As mentioned previously, the T-Bills are fully backed by the Singapore Government and have a AAA credit rating. This means that there is a very low risk of default and T-Bills are generally one of the safest assets to invest in Singapore.

Cons – Reinvestment Risk

T-Bills are very short term investment of either 6 months or 1 year. Once your investment matures, you will have to source for other investment. By then, the investment landscape may have changed, and you would not be able to get similar interest rates.

Cons – Illiquid Investment

If you are someone who needs their money to be easy to access, T-Bills are not for you. Once you commit to the investment, you cannot redeem it early. While you can sell them in the secondary market, there is a chance you may sell them at a loss or gain.

Cons – Unpredictable Interest Rate

While there is always the historical rates that we can fall back on to predict the interest rate (yield) for the upcoming T-Bill issue, there could always be a black swan event (such as Covid) that will greatly swing the market. You may or may not end up with a worse-than-expected interest rate when such situation happens.

T-Bills Hack

If you are an existing investor of T-Bills or are looking to invest in T-Bills, these are some tips to maximize your use with T-Bills.

Hack #1 – To Get Full Allocation

T-Bills can get notorious popular when interest rates are high. It could be oversubscribed and you might not be able to get the full allocation you want.

One thing you can do is to apply for competitive bid and enter an interest rate that is significantly lower than the expected interest rate (check past interest rate for performance). You should be able to get the full allocation as competitive bid will be allocated starting from the lowest bid.
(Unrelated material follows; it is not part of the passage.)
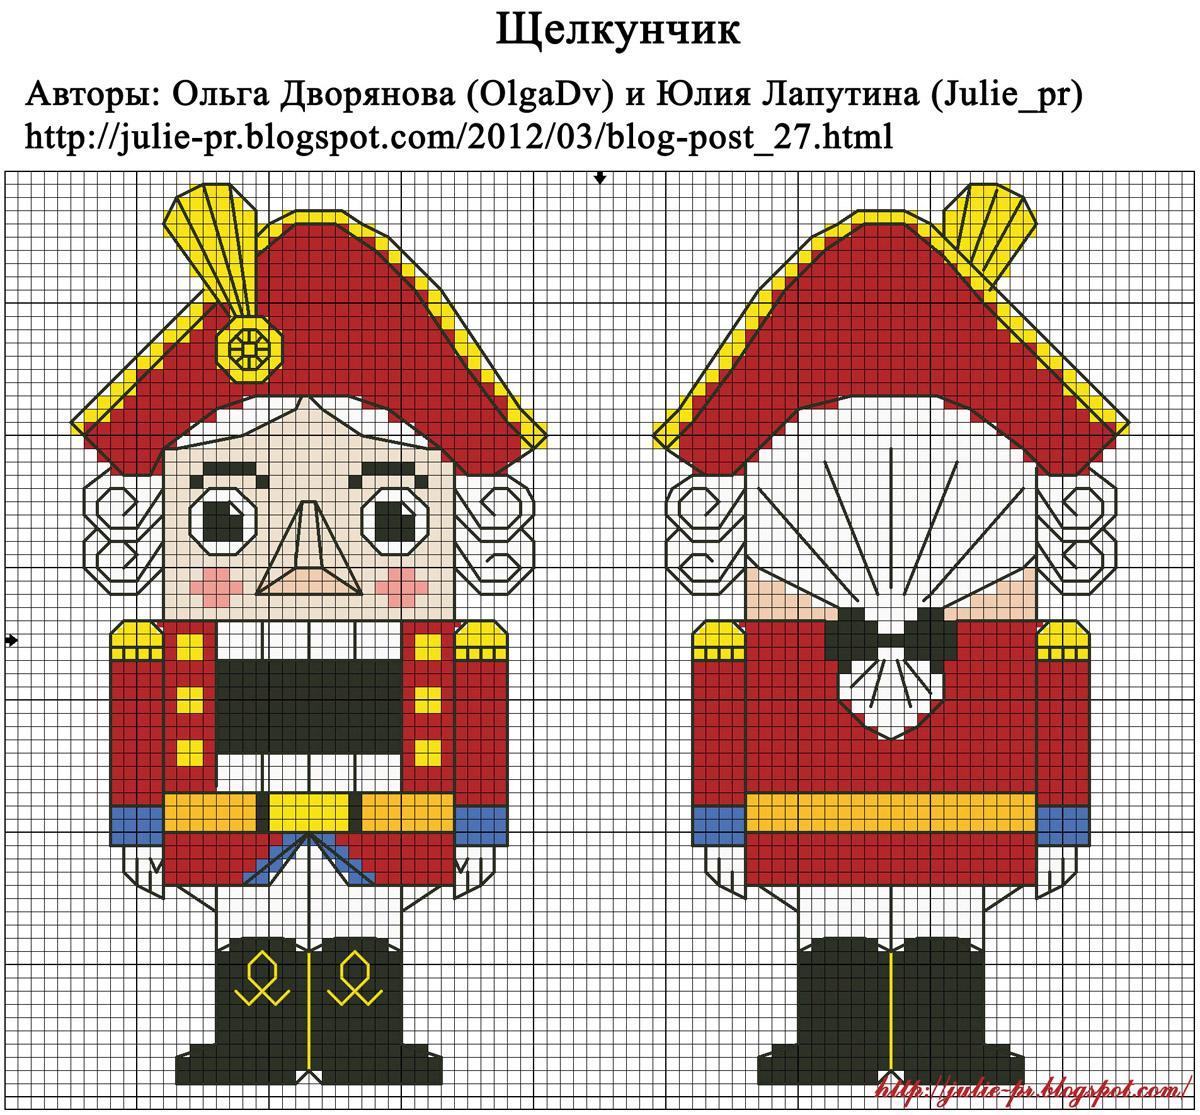 Щелкунчик Nutcracker вышивка cross stitch елочная игрушка Юлия Лапутина схема

Hack #2 – Get Monthly Income (Dividend) Using The T-Bill Ladder Hack

It is usually not wise to put all your money in one basket. T-Bills will not announce their interest rate before application. Rather, the interest rate is determined based on the auction results whereby it is the highest accepted interest rate of successful competitive applications and announced after.

By splitting your money, preferably in 6 different issues, you would be able to diversify your risk, and you would also be getting passive income every month. Every time an issue matures, you can then use the capital to put in the next issue and repeat the cycle.